21/06/2013 05:41 EDT | Actualisé 21/08/2013 05:12 EDT

La grève dans le milieu de la construction place les 2500 signaleurs routiers du Québec dans une situation précaire, selon l'association qui les représente.

Un texte de Lili Boisvert

Le président de l'Association des travailleurs en signalisation routière du Québec, Jean-François Dionne, demandent aux négociateurs dans ce conflit de travail de s'entendre rapidement. Il se désole que les signaleurs, qui gagnent un salaire allant de 15 $ à 15,65 $ de l'heure et ne disposent pas d'avantages sociaux comme les travailleurs de la construction, fassent les frais de ce conflit.

« On est rendu à cinq jours et c'est une belle petite paye qu'on vient de perdre. Puis on n'a même pas d'affaire là-dedans, c'est ça le pire », déplore M. Dionne.

L'année 2013 s'annonçaient déjà difficile pour les signaleurs, fait valoir le président de l'association. La saison avait pris du retard pour ces travailleurs saisonniers.

Avec le nouveau processus d'approbation des contrats de construction par l'Autorité des marchés financiers, il y avait déjà des retards sur les chantiers, souligne M. Dionne. Or, les contrats qui donnent normalement du travail aux signaleurs à partir du mois d'avril commençaient donc tout juste à être mis en chantier.

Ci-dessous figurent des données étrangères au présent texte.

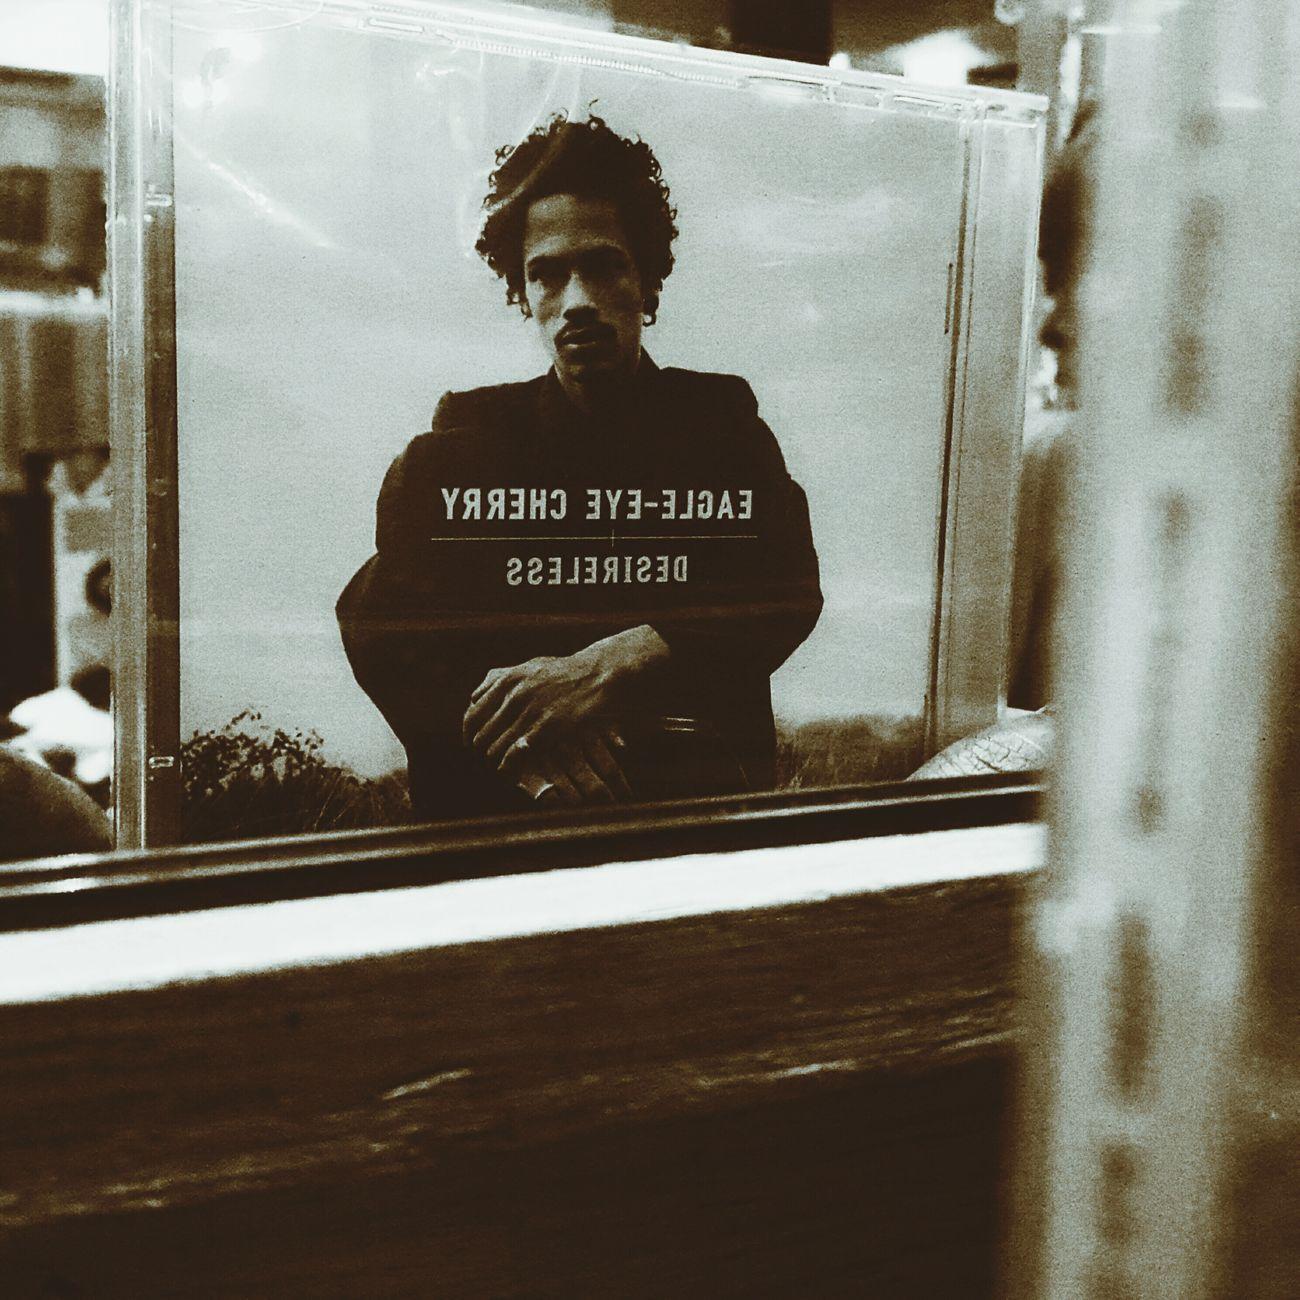 Poundshop buys, Eagle-Eye Cherry - Desireless Mirror Musician CDs Photography Folk Guitar Rock Music Image One Person Portrait

Avec la grève qui vient encore retarder le retour au travail des signaleurs, ceux-ci craignent de ne pas être en mesure de toucher de l'assurance-emploi à la fin de la saison en novembre, si des contrats sont repoussés à l'année prochaine et que les travailleurs se retrouvent avec un nombre insuffisant d'heures travaillées.

« Si les derniers contrats ne sortent pas, qu'ils sont retardés, c'est eux qui vont nous faire mal », explique Jean-François Dionne.

L'association ne prend pas partie dans le conflit de travail, mais espère que celui-ci se règle rapidement, sans quoi les signaleurs connaîtront une année difficile financièrement.